HHS issues final rule closing ACA minimum value health plan loophole

The Department of Health and Human Services says once and for all it will not qualify employer-sponsored health plans that fail to cover inpatient hospitalization as meeting the minimum value health plan standard under the Affordable Care Act.

In a final rule published today in the Federal Register, HHS says in order to qualify as a minimum value plan under the ACA, an employer plan must provide substantial coverage of both inpatient hospital services and physician services.

“We have concluded that plans that omit these types of coverage fail to meet universally accepted minimum standards of value expected from, and inherent in the nature of, any arrangement that can reasonably be called a health plan intended to provide the primary health coverage for employees,” the final rule states.

See related: IRS closes ACA minimum value health plan loophole

Promoters of the plans had argued they satisfy the 60% actuarial value definition of minimum value within the meaning of the ACA as determined through use of an online minimum value calculator released by the HHS.

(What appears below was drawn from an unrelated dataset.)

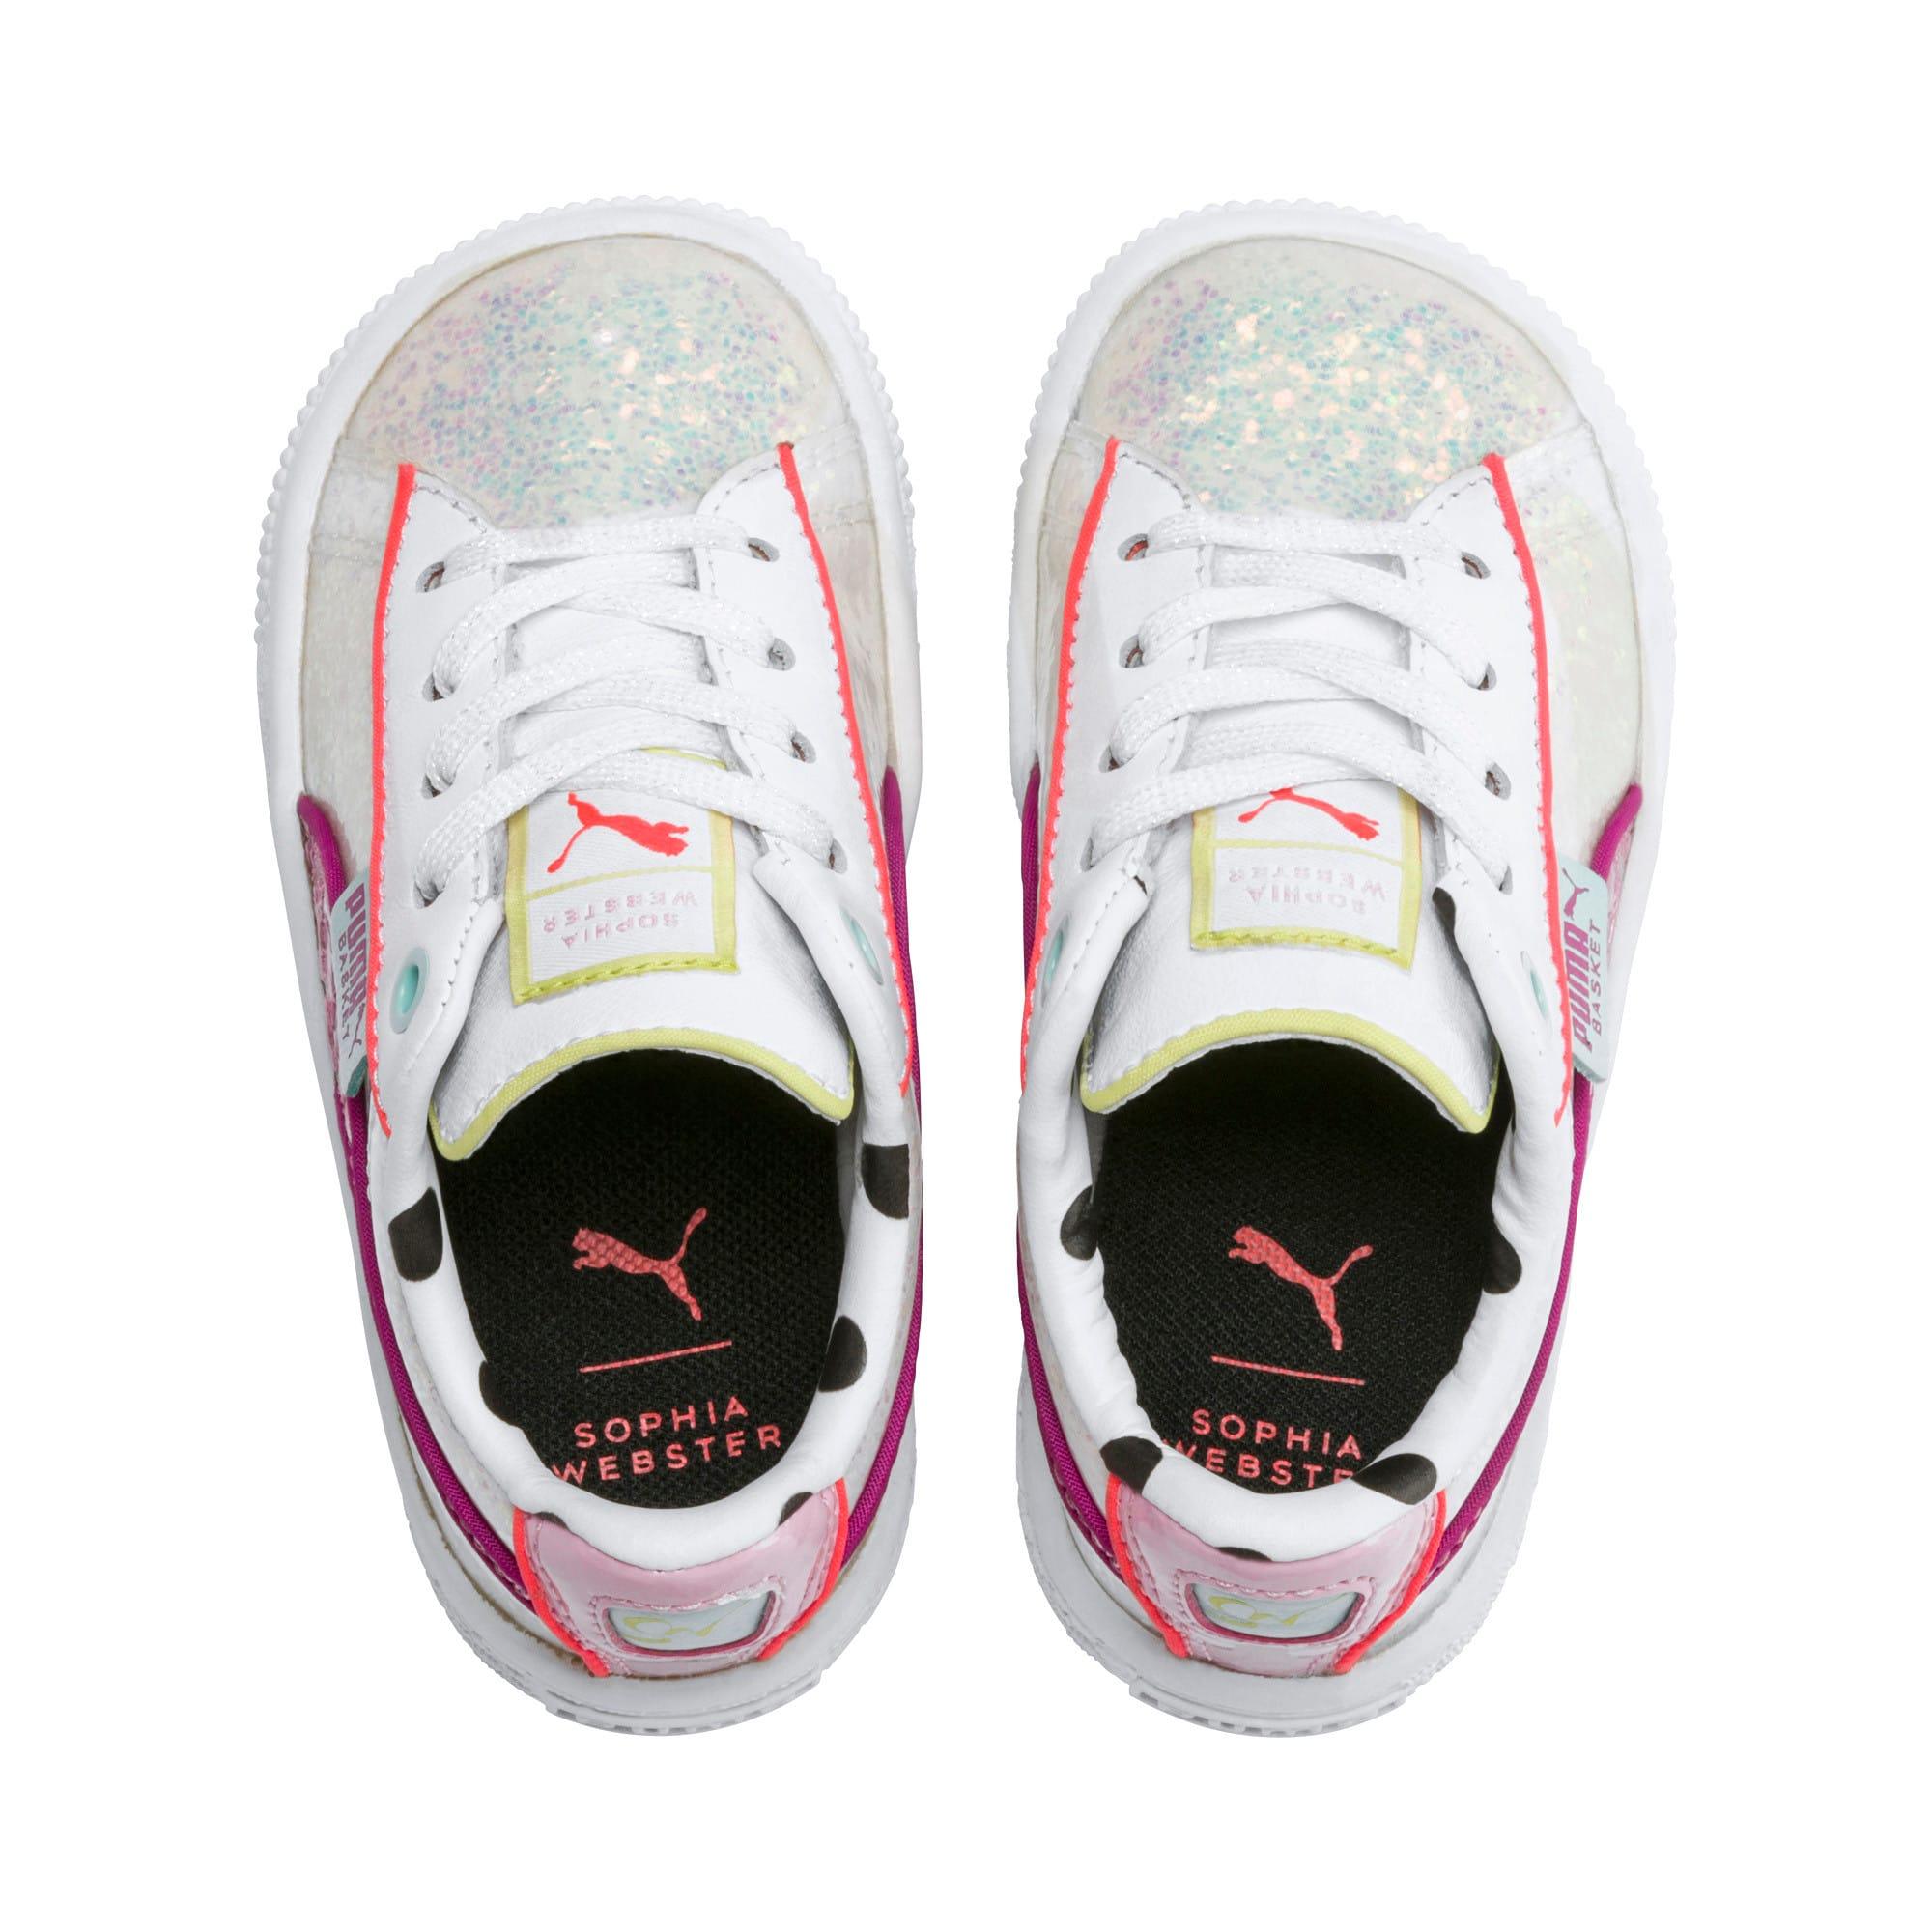 Miniatura 6 de ZapatosPUMA x SOPHIA WEBSTER Basket para bebés, Puma White-Pale Pink, mediano

“The allure of these plans to some employers was that they could offer the plans at relatively inexpensive price points and insulate themselves from potential penalties under both prongs of the employer mandate,” Edward Fensholt, director of compliance services for Kansas City, Mo,-based Lockton Benefits Group.Fensholt says in a legal alert on the subject.

The plans were also widely received by low-income workers in relatively good health that didn’t want to pay for inpatient coverage they may never use, Mitchell Besvinick, president of Innobenefits told attendees of the Workplace Benefits Renaissance in Atlantic City this week.

HHS, however, says “allowing these designs to be treated as providing minimum value not only would allow an employer to avoid the shared responsibility payment that the statute imposes when an employer does not offer its full-time employees adequate health coverage, but would adversely affect employees (particularly those with significant health risks) who understandably would find this coverage unacceptable, by denying them access to a premium tax credit for individual coverage purchased through an exchange.”

“Plans that omit critical benefits used disproportionately by individuals in poor health will enroll far fewer of these individuals, effectively driving down employer costs at the expense of those who, because of their individual health status are discouraged from enrolling,” the agency says in its final rule.

The publishing of the final rule triggers a 60-day timeframe, at the end of which, minimum value plans without “substantial inpatient benefits will be out of compliance,” says Carlo Mulvenna, vice president of domestic group business at Pan-American Life Insurance Group.

The rule becomes effective April 28, 2015.

Transition relief

The Obama administration will be offering some transitional relief, however, Mulvenna told attendees of Workplace Benefits Renaissance.

For employers that, as of Nov. 3, 2014, had already enrolled or begun to enroll employees in one of these stripped down health care plans, the Internal Revenue Service will forgive employer mandate tax penalties through the plan year that begins on or before March 1, 2015. Employees of companies offering such plans will also not be excluded from qualifying for premium tax credits this year.